Abstract
Background.
Multimorbidity is the co-occurrence of long-term conditions. Obesity is associated with an increased risk of long-term conditions including type 2 diabetes and depression.
Objective.
To quantify the association between body mass index (BMI) category and multimorbidity in a large cohort registered in primary care.
Methods.
The sample comprised primary care electronic health records of adults aged ≥30 years, sampled from the Clinical Practice Research Datalink between 2005 and 2011. Multimorbidity was defined as the co-occurrence of ≥2 of 11 conditions affecting seven organ systems. Age- and sex-standardized prevalence of multimorbidity was estimated by BMI category. Adjusted odds ratios associating BMI with additional morbidity were estimated adjusting for socioeconomic deprivation and smoking.
Results.
The sample comprised 300 006 adults. After excluding participants with BMI never recorded, data were analysed for 223 089 (74%) contributing 1 374 109 person–years.
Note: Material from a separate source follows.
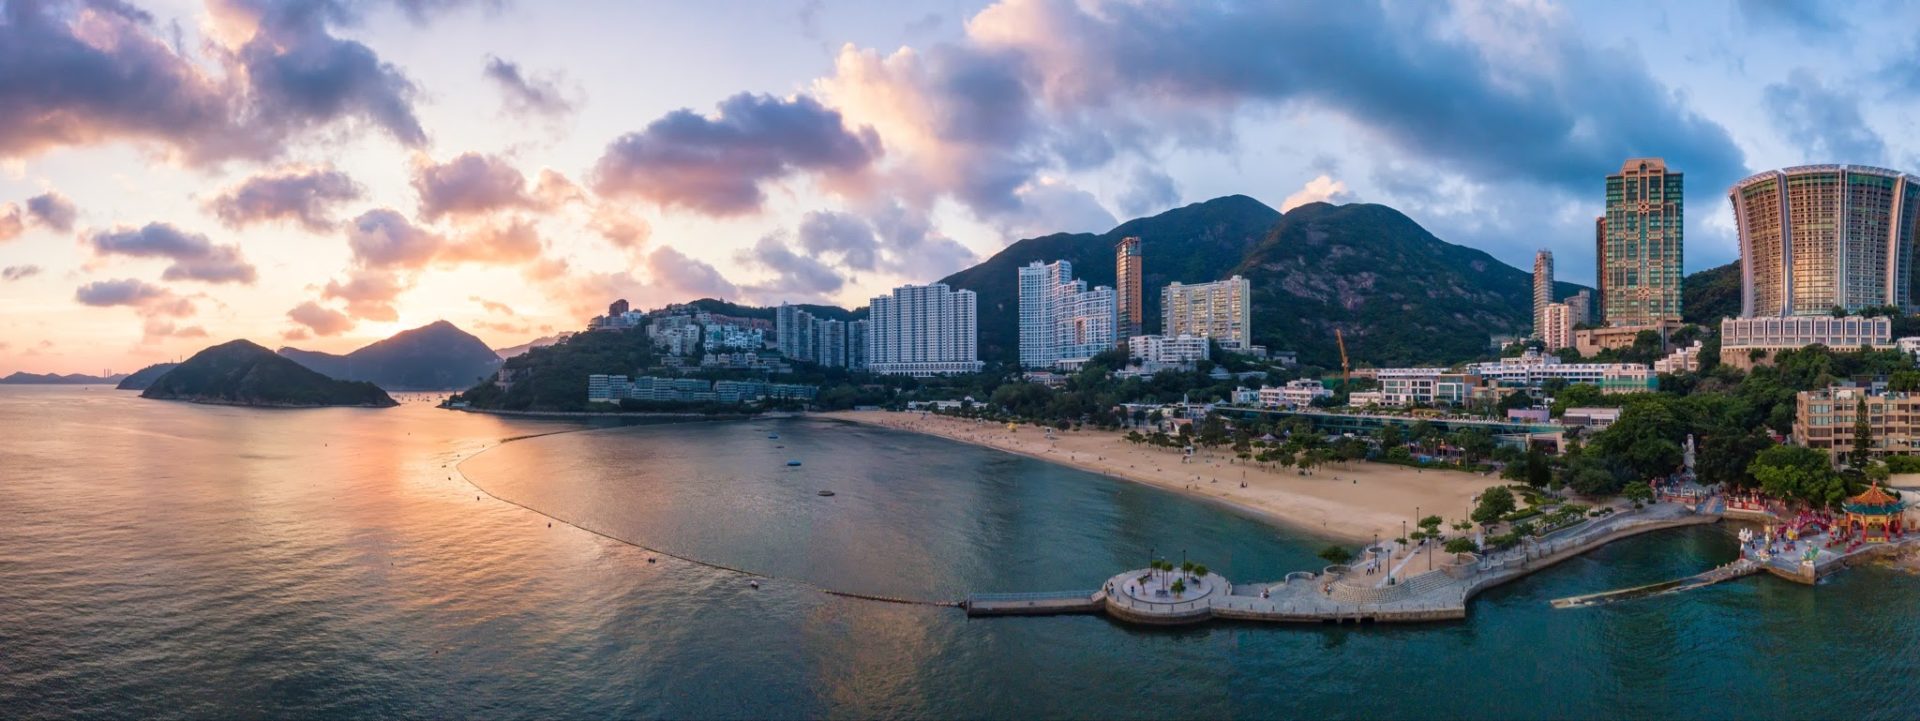 淺水灣泳灘被譽為香港最美麗的沙灘。

In normal weight men, the standardized prevalence of multimorbidity was 23%, rising to 27% in overweight, 33% in category I obesity, 38% in category II and 44% in category III obesity. In women, the corresponding values were 28%, 34%, 41%, 45% and 51%. In category III obesity, the adjusted odds, relative to normal BMI, were 2.24 (2.13–2.36) for a first condition; 2.63 (2.51–2.76) for a second condition and 3.09 (2.92–3.28) for three or more conditions. In a cross-sectional analysis, 32% of multimorbidity was attributable to overweight and obesity.
Conclusions.
Multiple morbidity is highly associated with increasing BMI category and obesity, highlighting the potential for targeted primary and secondary prevention interventions in primary care.
Keywords. Cardiovascular diseases, comorbidity, diabetes mellitus, family practice, obesity, primary health care.
Introduction
Multimorbidity or the co-occurrence of multiple diseases, is frequent in primary care populations. Estimates for the frequency of multimorbidity depend on the definition used, with no consensus on the conditions that should be included (1). In primary care populations, studies have suggested that up to a quarter of all patients may have two or more coexisting conditions, (2,3) with the prevalence of multimorbidity increasing with age. Multimorbidity is associated with younger age at death, impairments of physical and social functioning (4) and mental health problems (5). Patients with multimorbidity are heavier users of primary care services and may experience lower quality of care (6).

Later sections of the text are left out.